Love & Sex Magazine

Relationship Tip: Ring in the New with the Old

By Barbarajpeters @CouplesAuthor

happy_new_year11Today’s message comes straight from the heart. Many of you who are reading this know that my passion is to help couples share a happy and loving life together.

In my counseling work, I hear many sad stories of conflict and infidelity. I see an inability to connect on several levels. Lots of people are in this “boat.” Most of the couples have good jobs; wonderful, talented, and healthy children; and the financial ability to provide for their families. When I listen to each person, I do see that there is good in that person’s life. The only trouble is, that person can’t see it.

Why is it that so many of us get so caught up in what we do not have?

Most people decide to do something new for the New Year. But for 2014, I encourage you to look back at 2013 at what you already have.  Instead of making resolutions to do something new, look around you at the things you have been doing and see if there is a way to improve them. Yes, for the sake of “Auld Lang  Syne,” make it better!

For example, many couples have a spouse that works from home. This might seem ideal in some respects, but not in others. While it might be easy to spend time together, it often can become easier to work more.  Take Dwayne, who  works from home in real estate. His wife, Keisha, is also at home, looking after their toddler. Often Dwayne is out showing a property. But when he’s not out, he’s in his office at home on the computer. In the last year, he’s let work slide into dinnertime. But in 2014, Dwayne has decided to emerge from his office at 5:30 each evening, to be with his family.

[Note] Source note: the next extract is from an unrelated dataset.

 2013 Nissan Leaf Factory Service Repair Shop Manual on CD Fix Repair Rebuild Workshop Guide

Let’s look at Bob and Sally, who are retired. She likes to watch TV soap operas in the afternoons, and he gets sleepy by 7:30.  So while they may seem to be together a lot, they have different circadian rhythms.  Sally has decided during 2014 to set her soaps to record so she can watch them after Bob goes to bed. That way, in the afternoons, they can spend time with each other, taking walks or going to car swaps.

What’s happening at your house, that you could make better in the new year? Here are some ideas for 2014.

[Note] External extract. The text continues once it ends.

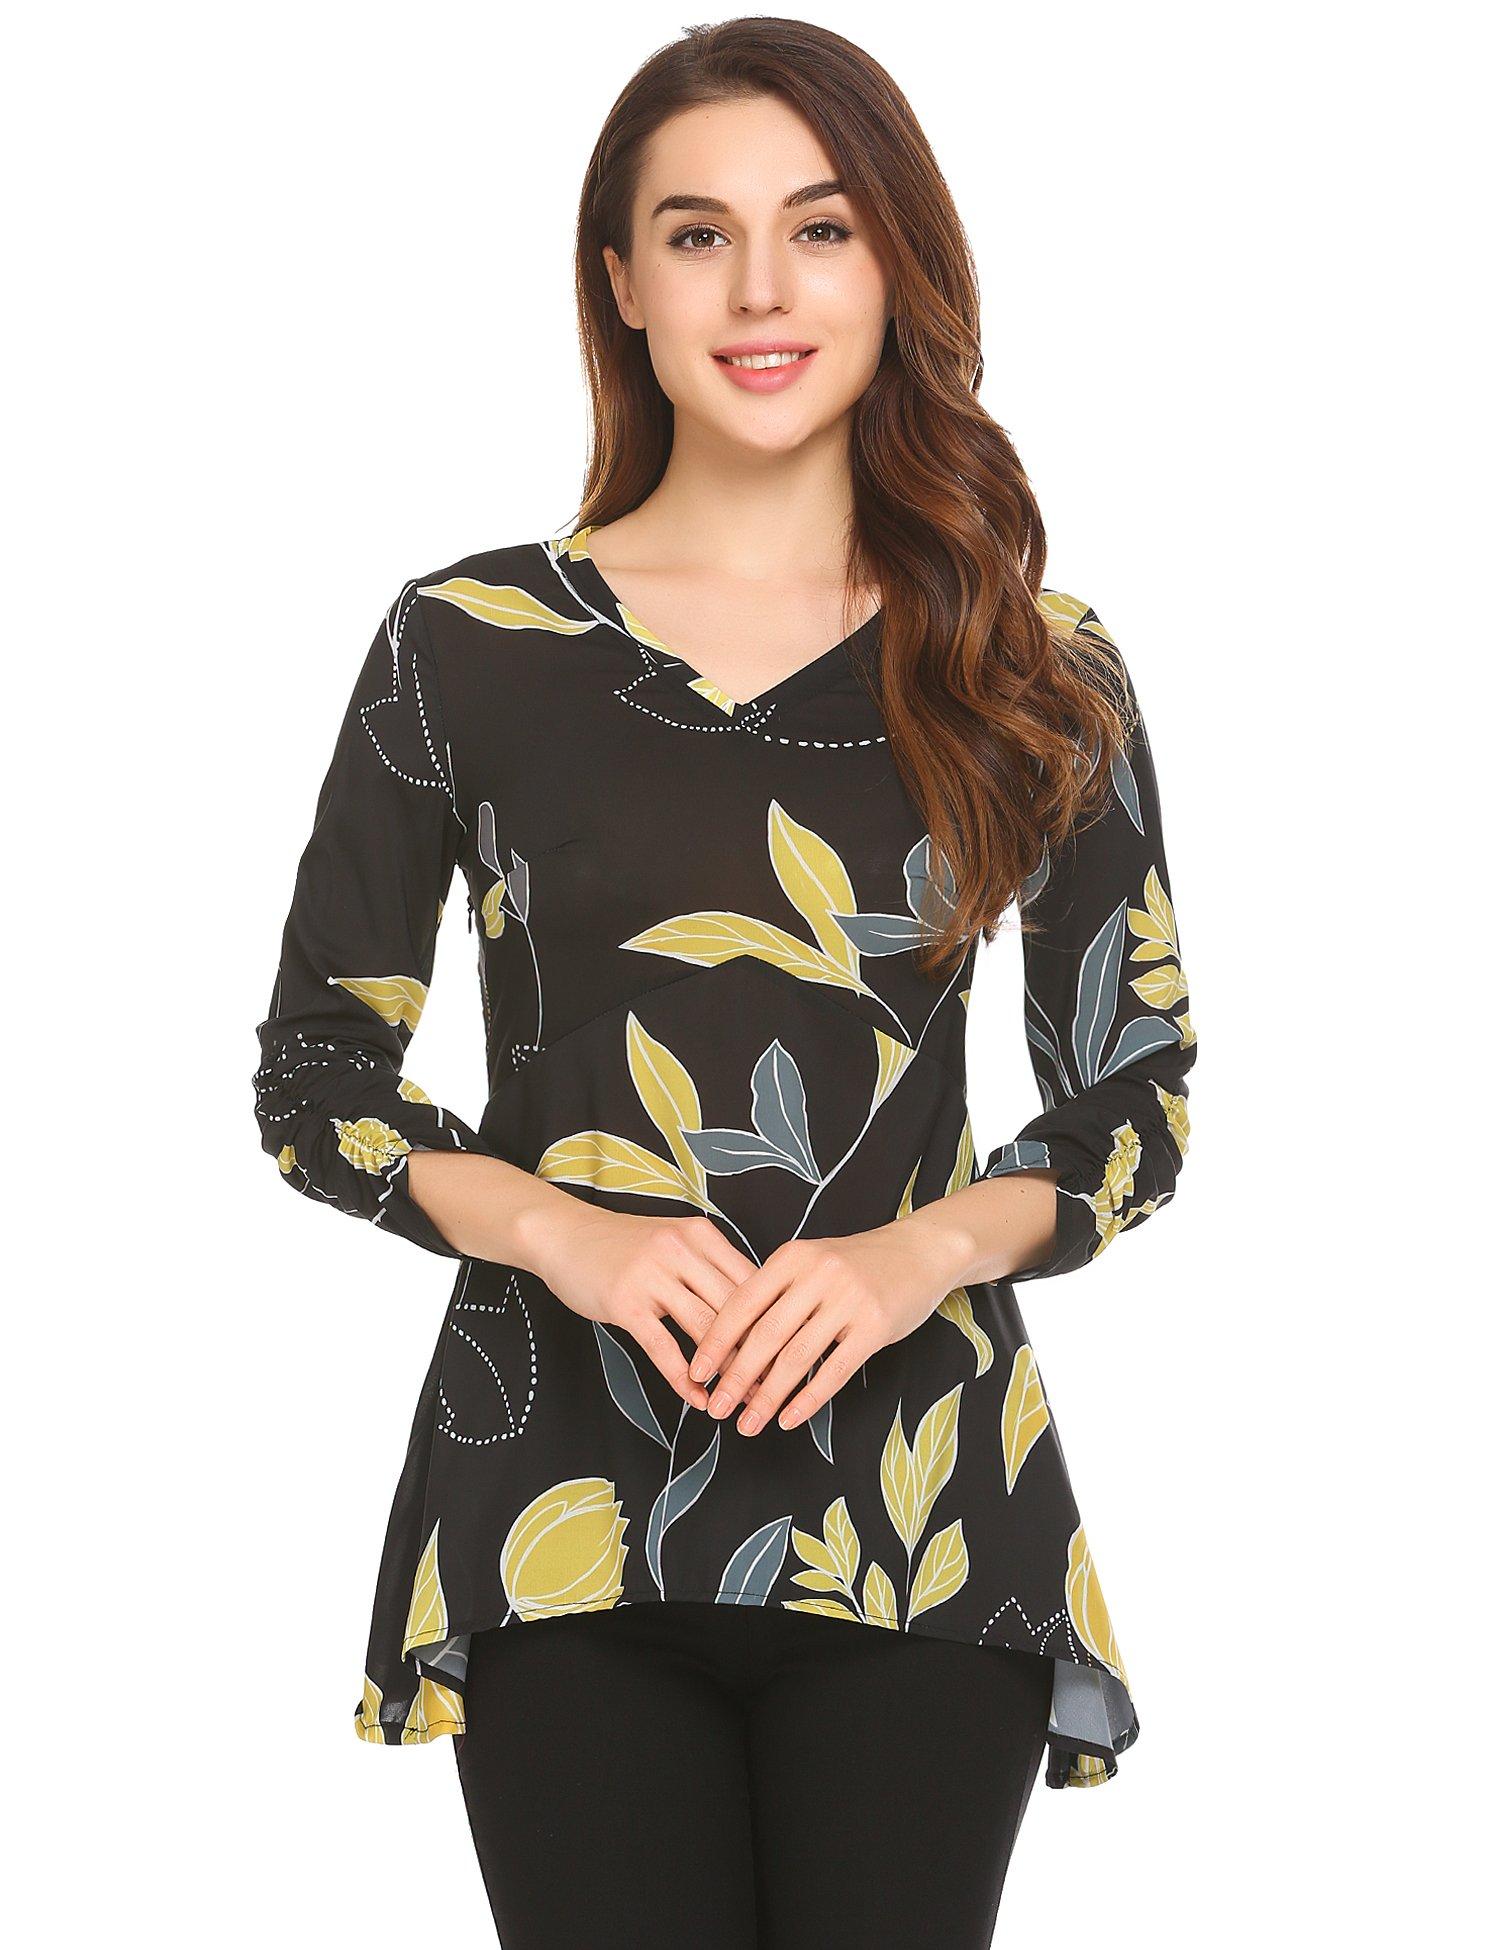 Venens women's tunic

  1. Are there chores that seem to be dependent on one person more than the other and when not done, create an argument? How about pitching in, even if it is not on your chore list? Taking out the garbage or walking the dog can seem to be a thankless job, but these are things your spouse will appreciate.
  2. Is there someone trying to talk to you while you are enmeshed with technology? For at least fifteen minutes, put down the cell phone, the TV remote, and close the lid of the laptop. There’s time to send a text later. For now, right now, give a live person in front of you all your attention, with full eye contact.
  3. You might rely on someone a lot to make your daily tasks easier, but you haven’t had time lately to acknowledge this. Taking time to let them know how grateful you are can go a long way.

Your 2014 list might look different for each of you.  What matters is that you strive to make it better.

Also don’t forget to look around you and see the positive forces in your life, and then say some “Thank You’s.”

Thank you for visiting my blog and Happy New Year.